+++ Information

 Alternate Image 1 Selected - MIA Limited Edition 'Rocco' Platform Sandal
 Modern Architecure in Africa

++++++
+++ Information

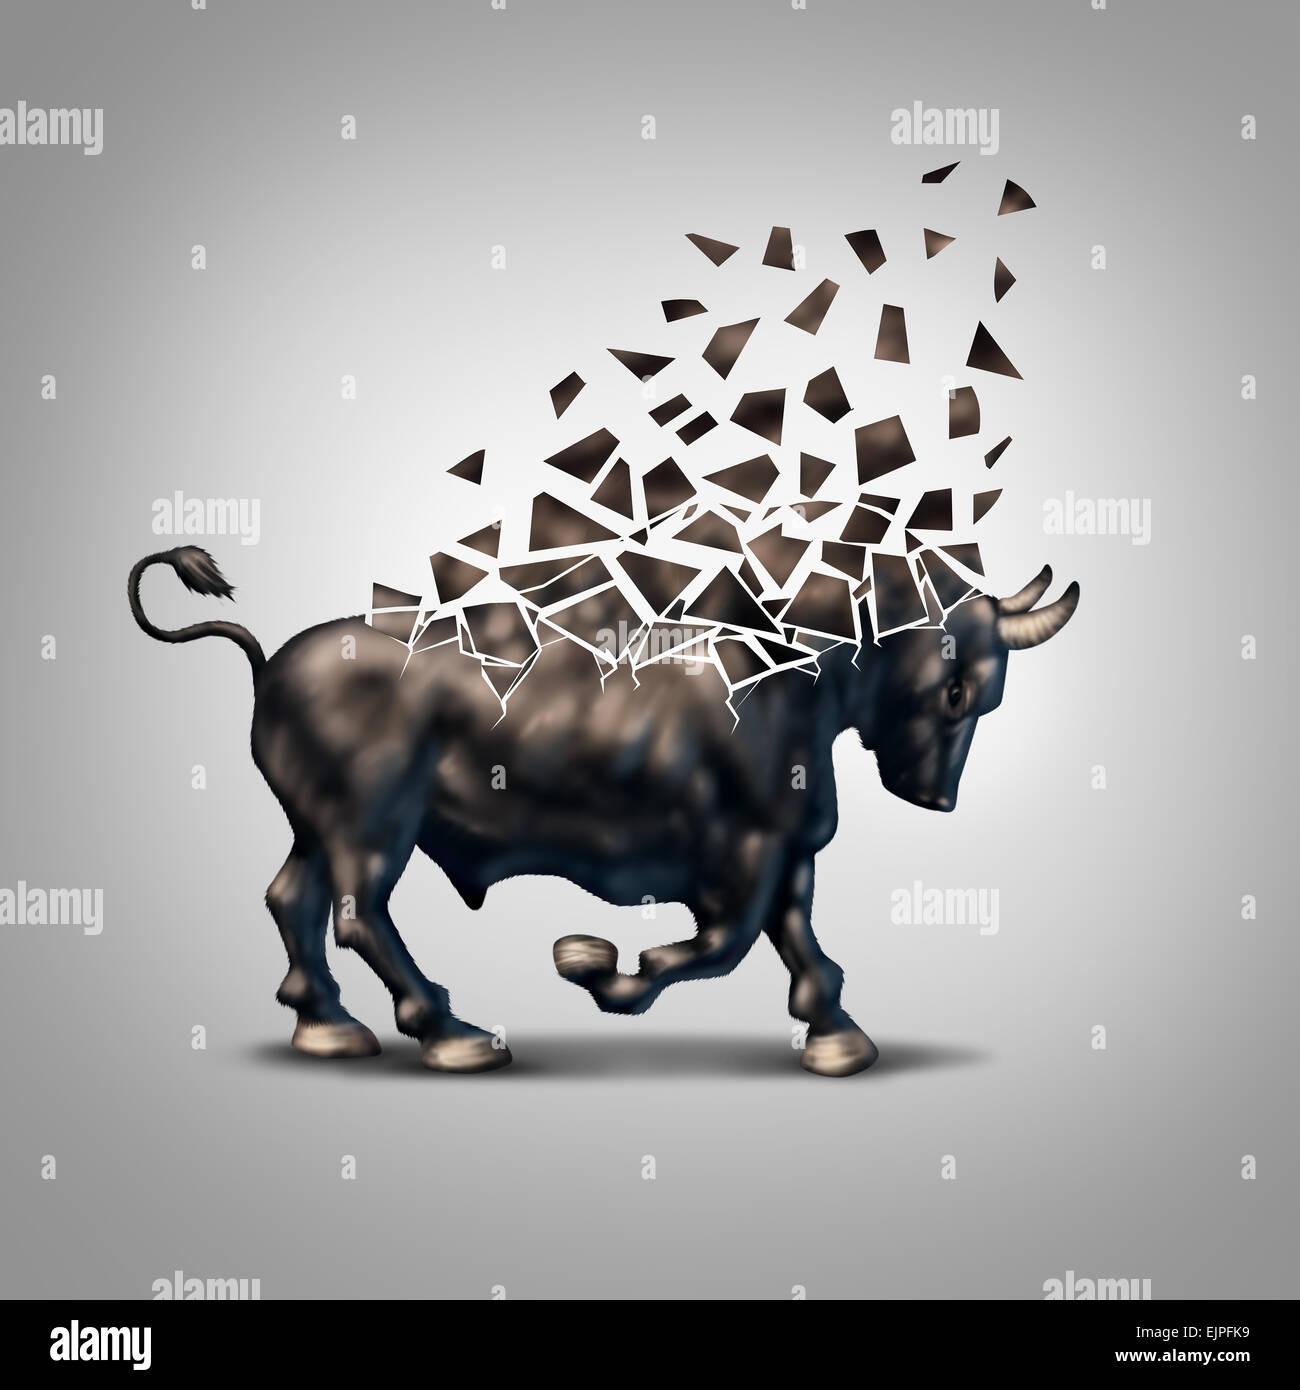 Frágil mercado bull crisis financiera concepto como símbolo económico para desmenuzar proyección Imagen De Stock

++++++
+++ Information

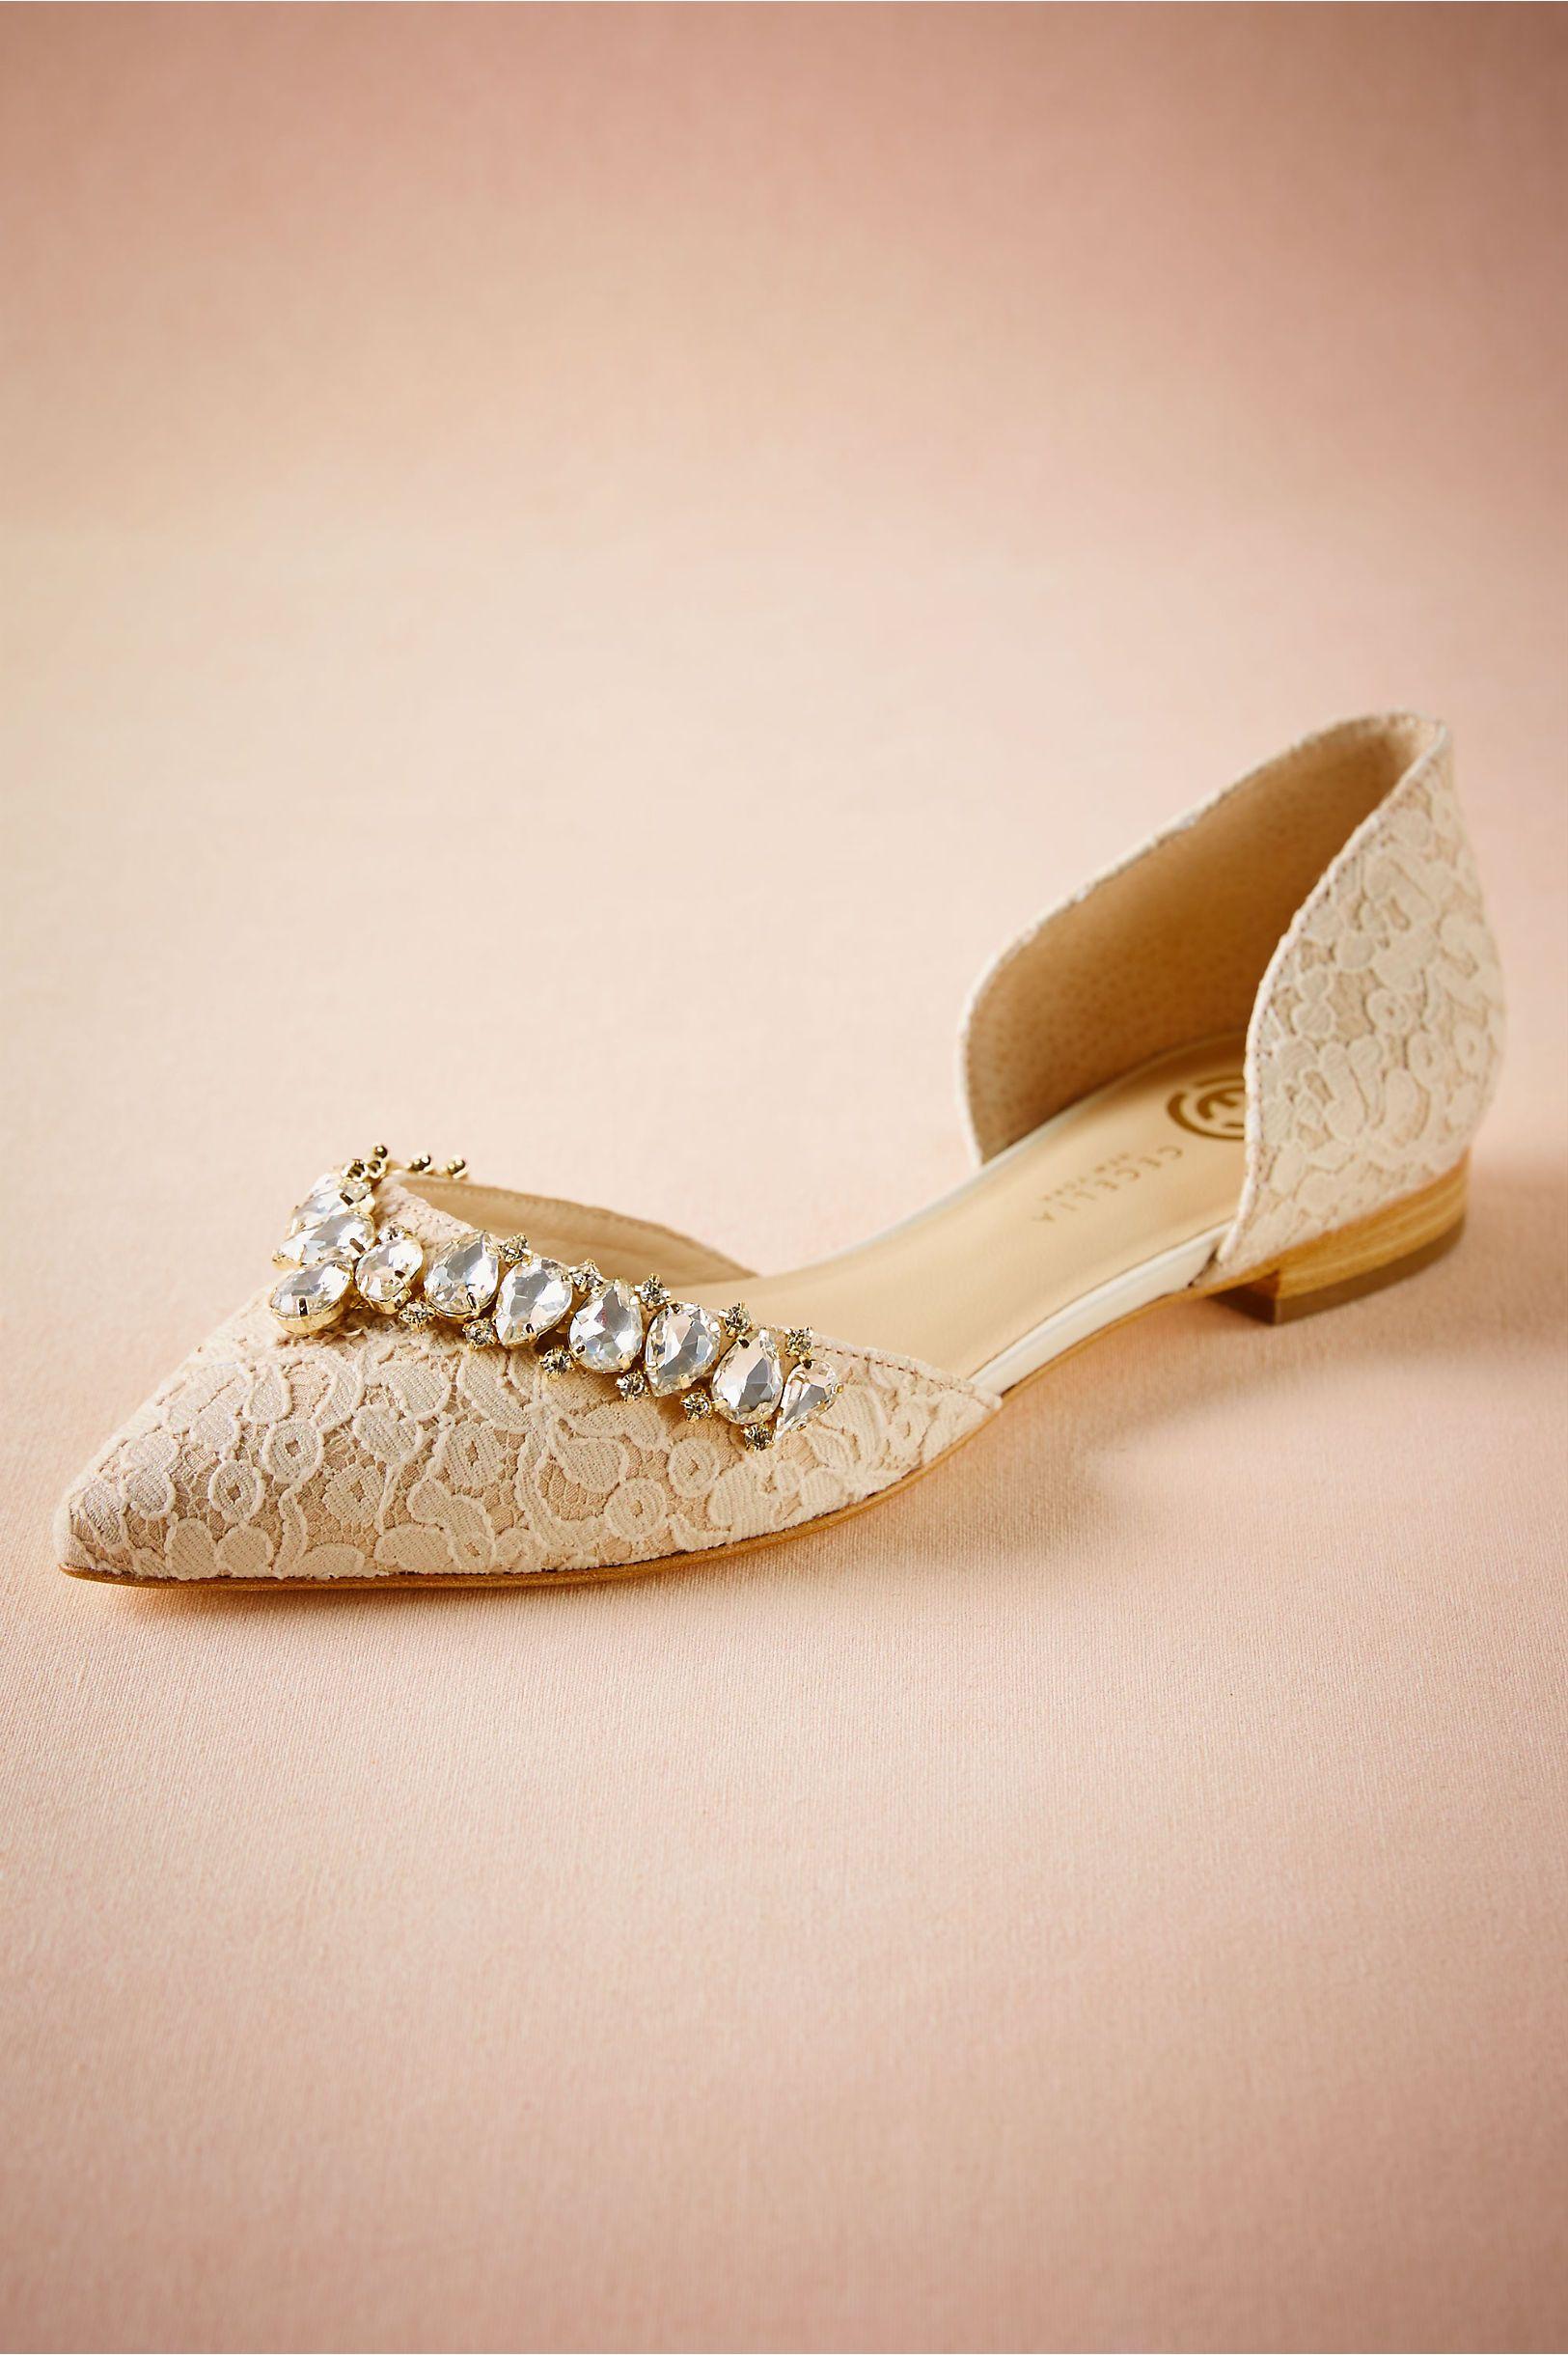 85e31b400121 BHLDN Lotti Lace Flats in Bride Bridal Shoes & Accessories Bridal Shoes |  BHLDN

++++++

» Task
Taking the records above, retype every line from the one with "Alternate Image 1" down to the one with "Modern Architecure in Africa", exactly and with nothing else.

» Task response
 Alternate Image 1 Selected - MIA Limited Edition 'Rocco' Platform Sandal
 Modern Architecure in Africa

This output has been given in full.